Die Stadt Zürich revidiert ihre Bau- und Zonenordnung – und das ist gut so. Mehr preisgünstiger Wohnraum, Verdichtung nach innen, Klimaanpassung: Die Stossrichtung der Vorlage stimmt, und das sagen wir als Wohnbaugenossenschaften Zürich auch klar so in unserer Stellungnahme vom 1. Juni 2026. Aber wir machen uns Sorgen um die Summe der guten Absichten.
Das Grundproblem: Viele richtige Einzelmassnahmen, eine riskante Gesamtwirkung
Für sich genommen ist kaum eine der neuen Anforderungen falsch. Mehr Energieeffizienz? Sinnvoll. Mehr Grünflächen? Klar. Schutz des Ortsbilds? Auch das. Das Problem ist die Kumulation: Jede Revision bringt neue Vorgaben, und mit jeder neuen Vorgabe wächst das Bewilligungsverfahren um eine weitere Abwägung. Am Ende drohen lange Verfahren, unsichere Projekte und – paradoxerweise – weniger statt mehr Verdichtung. Genau das wollen wir nicht, und genau davor warnen wir eindringlich.

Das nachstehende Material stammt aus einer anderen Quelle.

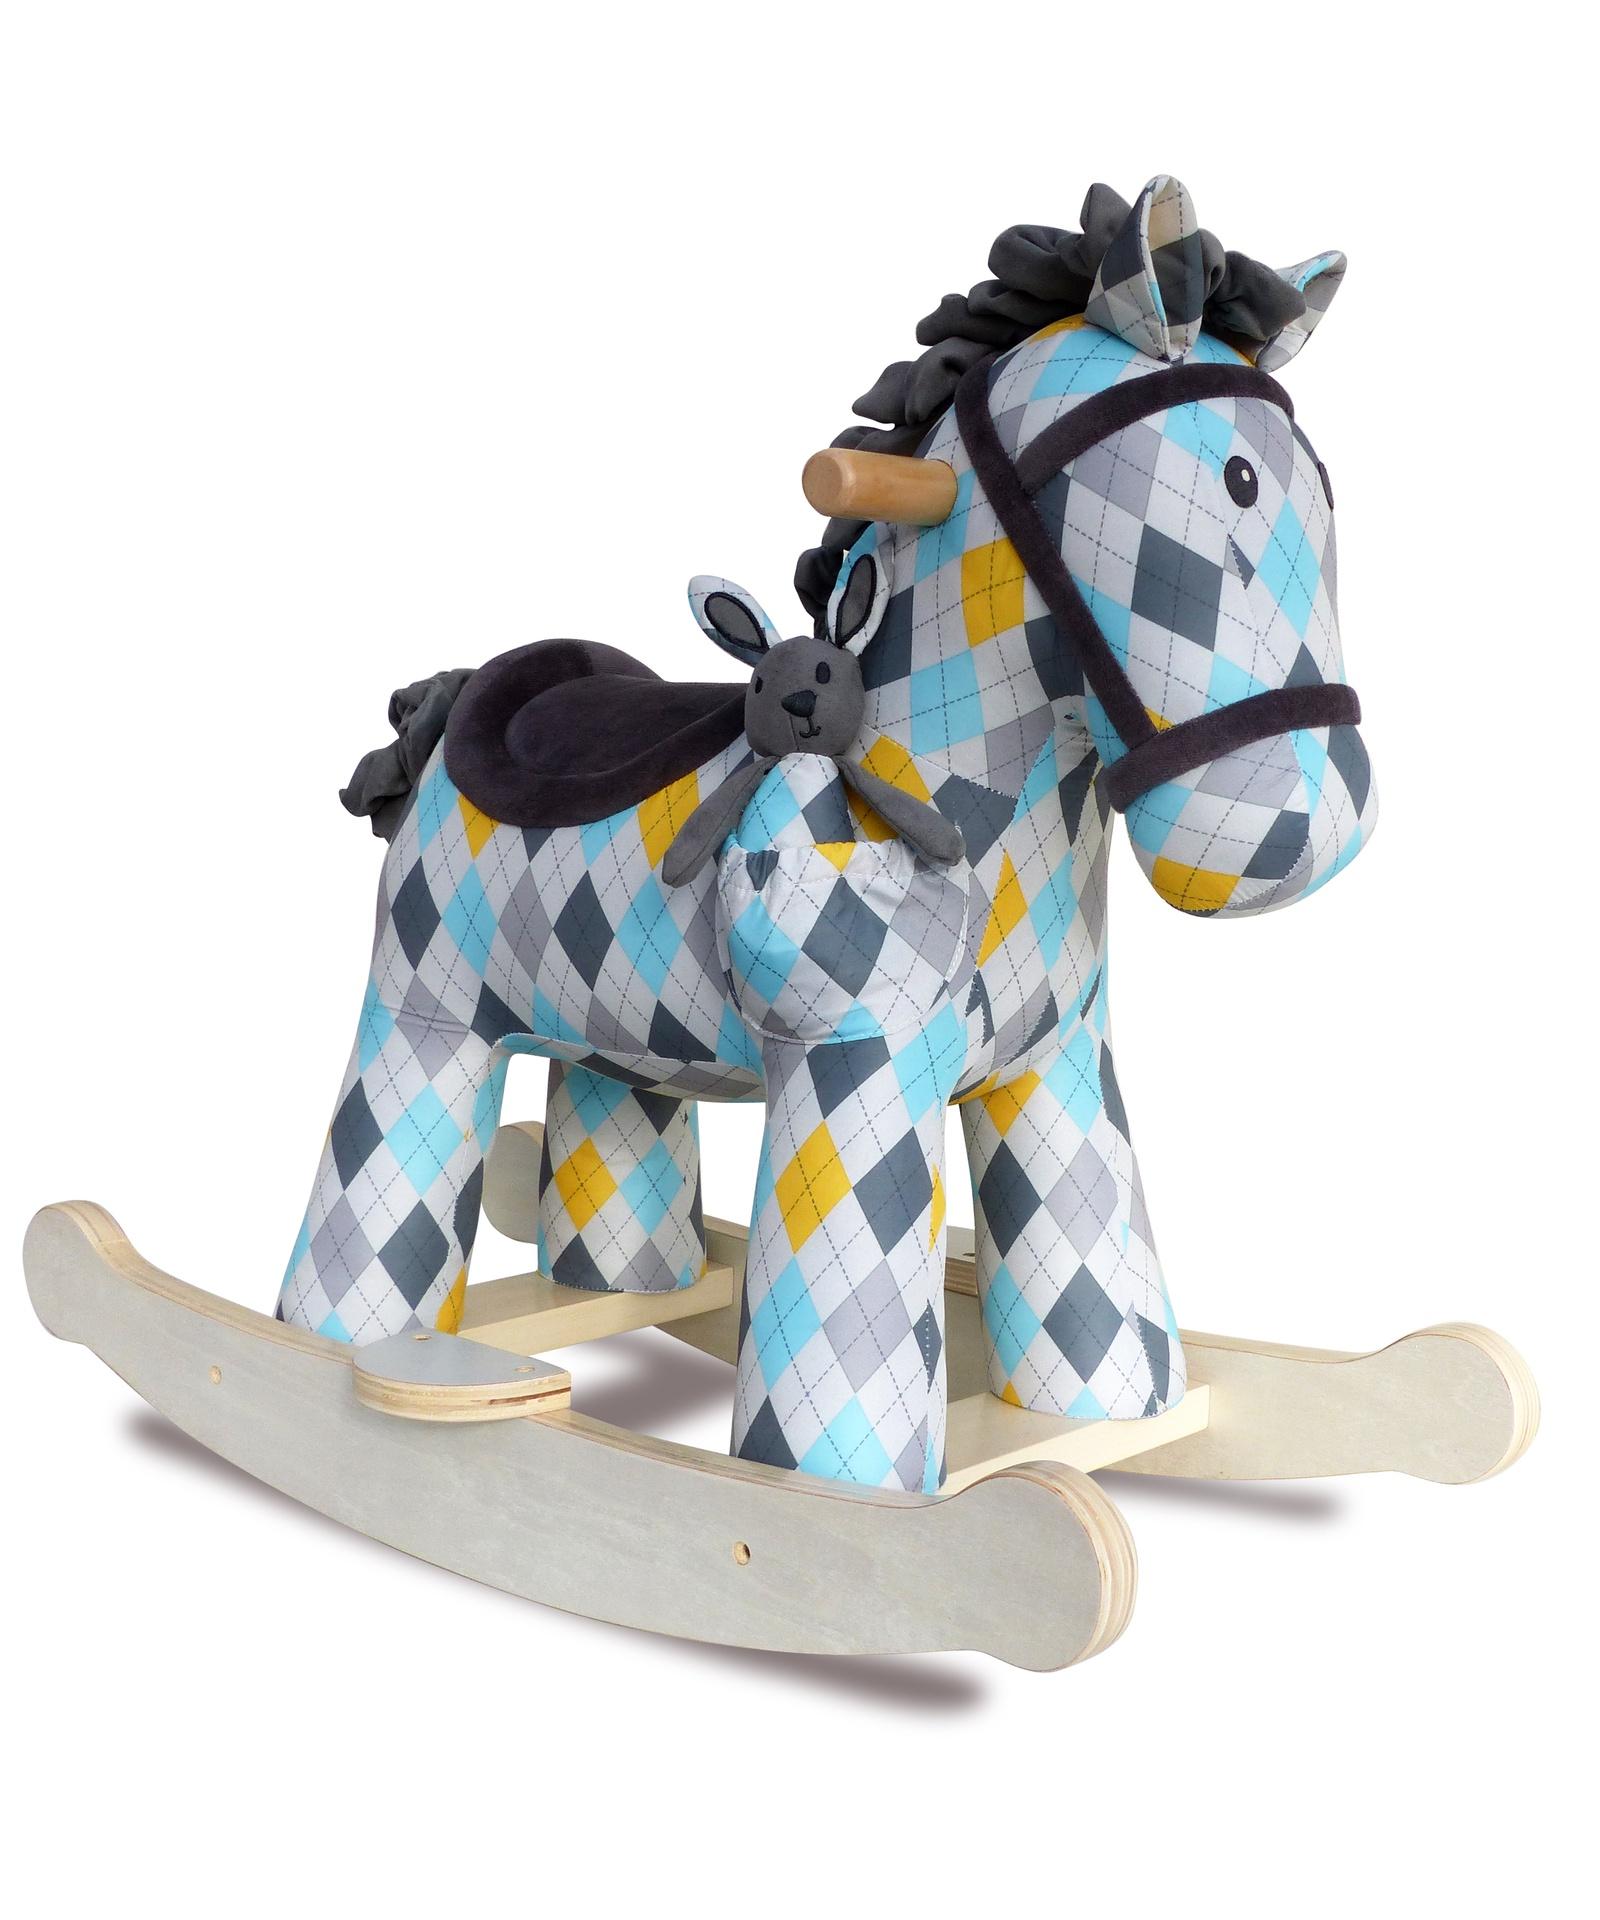 Качалка Little Bird Told Me лошадка детская LB3057 синий, желтый, белый

Unsere Forderung: Eine Regulierungsfolgenabschätzung, die vor Abschluss des Verfahrens systematisch prüft, was die neuen Regeln in der Summe für den gemeinnützigen Wohnbau bedeuten – für Baukosten, Verfahrensdauer, Bestandserhalt und letztlich fürs Drittelziel.
Was uns sonst noch wichtig ist
- § 49b PBG und die Genossenschaften: Gemeinnützige Bauträger erfüllen mit Kostenmiete, Belegungsvorschriften und Spekulationsentzug das Ziel von § 49b PBG auf ihre Art. Eine zusätzliche Bewirtschaftungskategorie bringt keine zusätzlichen günstigen Wohnungen, jedoch administrativen Aufwand. Wir fordern eine Ausnahme – und als Alternative eine grundbuchlich gesicherte Dienstbarkeit statt einer neuen Sonderkategorie.
- Arealüberbauung ab 4000 m²: Eine gute Neuerung, die wir begrüssen – vor allem, weil sie auch Genossenschaften mit weniger grossen Liegenschaften zugutekommt. Unser Wunsch: den Ausnützungsbonus analog zur 6000-m²-Regel an preisgünstigen Wohnraum koppeln.
- Bonus und Gemeinnützigkeit: Statt zwei parallele Wohnungskategorien im selben Bestand zu führen, sollte der Bonus bei Arealüberbauungen direkt an den Nachweis der Gemeinnützigkeit gekoppelt werden können – das ist einfacher, rechtssicherer, und funktioniert, ohne das genossenschaftliche Gleichbehandlungsprinzip zu verletzen.
- ISOS und KOBI: Die Direktanwendung des Ortsbildschutzes hat in den letzten Jahren für erhebliche Unsicherheit gesorgt, gerade weil viele Genossenschaftssiedlungen aus der Zwischenkriegs- und Nachkriegszeit in ISOS-Gebieten liegen. Dass die BZO hier den Rahmen klarer absteckt, ist ein wichtiger Schritt – jetzt zählt die zügige Umsetzung in der Praxis.
- Grünflächenziffer: Grundsätzlich richtig, aber an der oberen Grenze des Vertretbaren. Wenn eine zu hohe Grünflächenziffer dazu führt, dass Bestandserweiterungen unmöglich werden und stattdessen der Ersatzneubau zur einzigen Option wird, schiesst das Instrument am Ziel vorbei.Eine schonende Erweiterung ist in manchem Fall die bessere Lösung für Mieterschaft und Bestand. Wir plädieren deshalb für mehr Flexibilität, etwa durch Anrechnung von Dach- und Fassadenbegrünung.
Unser Fazit
Die Revision schafft eine gute Grundlage für die Stadtentwicklung von morgen – das ist unbestritten. Aber eine BZO, die das Bauen in der Praxis erschwert, verfehlt ihr eigenes wohnpolitisches Ziel. Deshalb unser Appell an die Stadt: Die Erstellung gemeinnütziger Wohnungen muss bei Interessenabwägungen als vorrangiges öffentliches Interesse gelten. Schlanke, berechenbare Verfahren sind keine Kür, sondern die Voraussetzung dafür, dass das Drittelziel erreichbar bleibt.